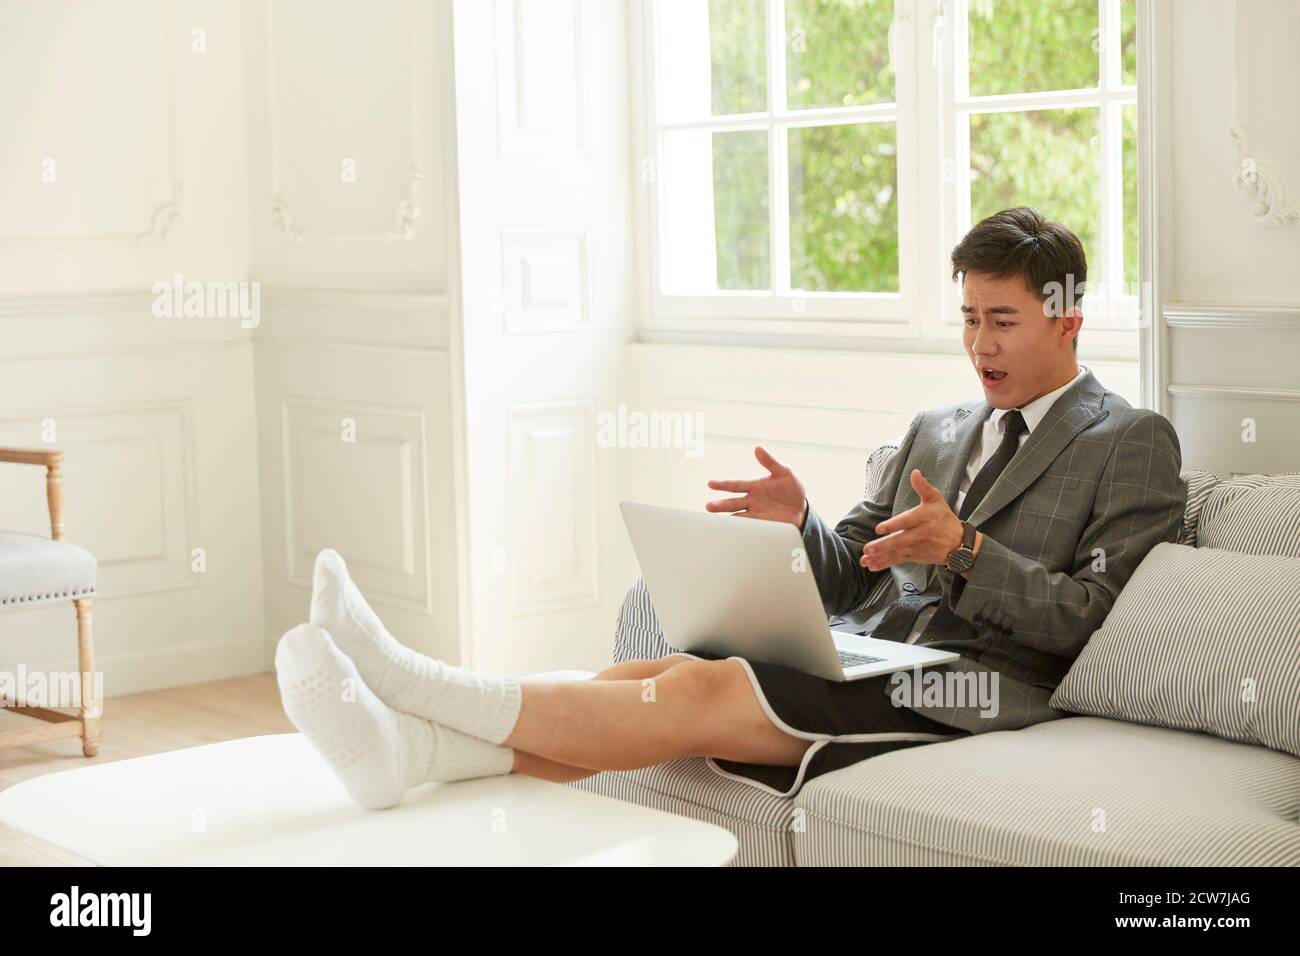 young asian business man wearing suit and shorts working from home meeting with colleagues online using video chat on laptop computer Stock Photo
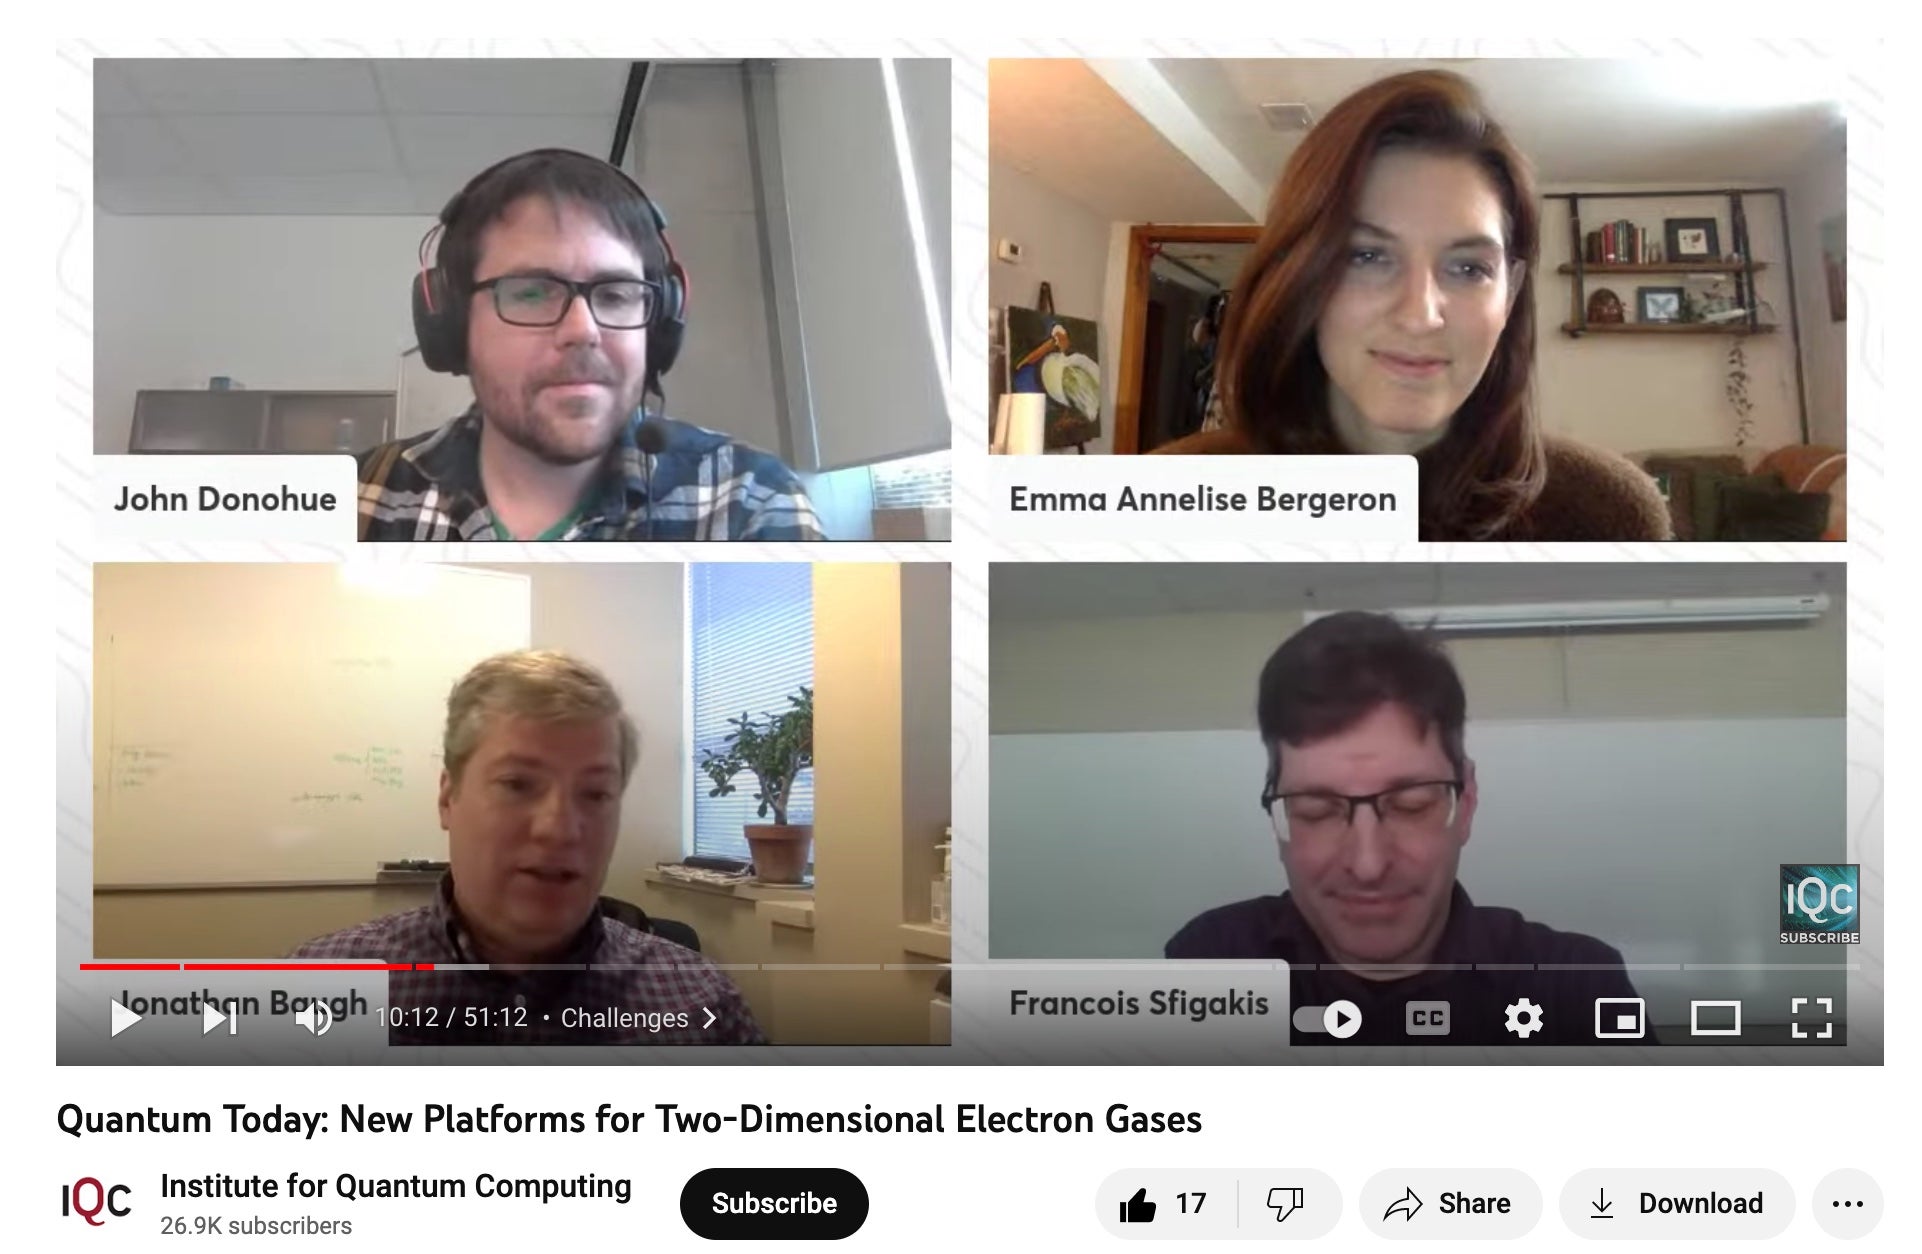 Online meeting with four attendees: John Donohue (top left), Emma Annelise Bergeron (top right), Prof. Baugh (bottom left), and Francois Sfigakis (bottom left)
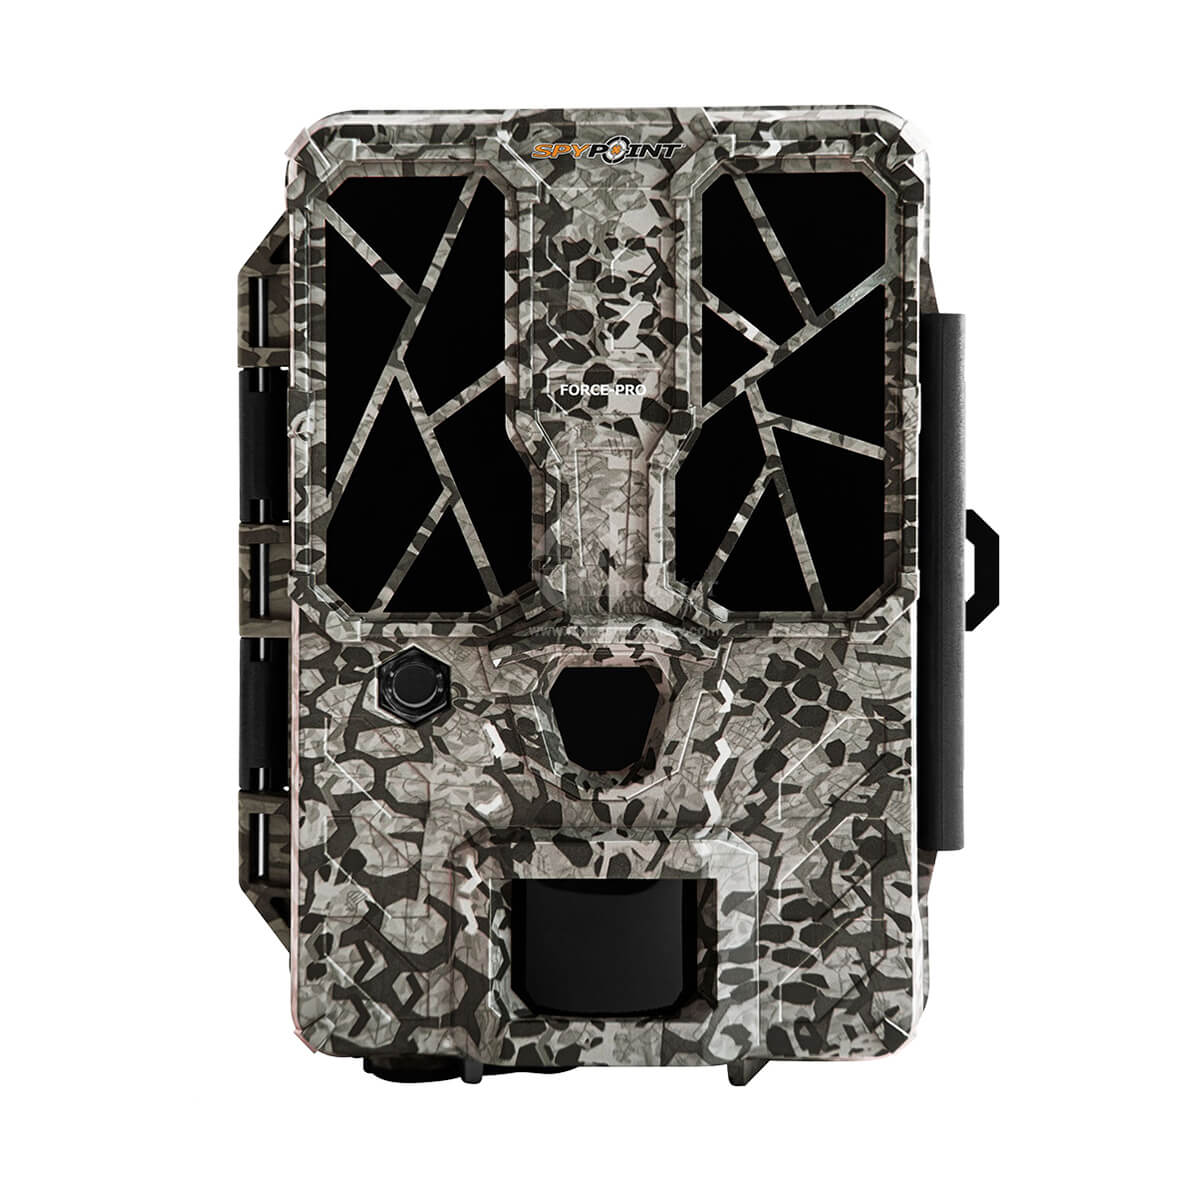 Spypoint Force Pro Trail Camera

The problem :: Could the lines above be copied out exactly, with no image carried over?

Result of the exercise ::
 young asian business man wearing suit and shorts working from home meeting with colleagues online using video chat on laptop computer Stock Photo
 Online meeting with four attendees: John Donohue (top left), Emma Annelise Bergeron (top right), Prof. Baugh (bottom left), and Francois Sfigakis (bottom left)
 Spypoint Force Pro Trail Camera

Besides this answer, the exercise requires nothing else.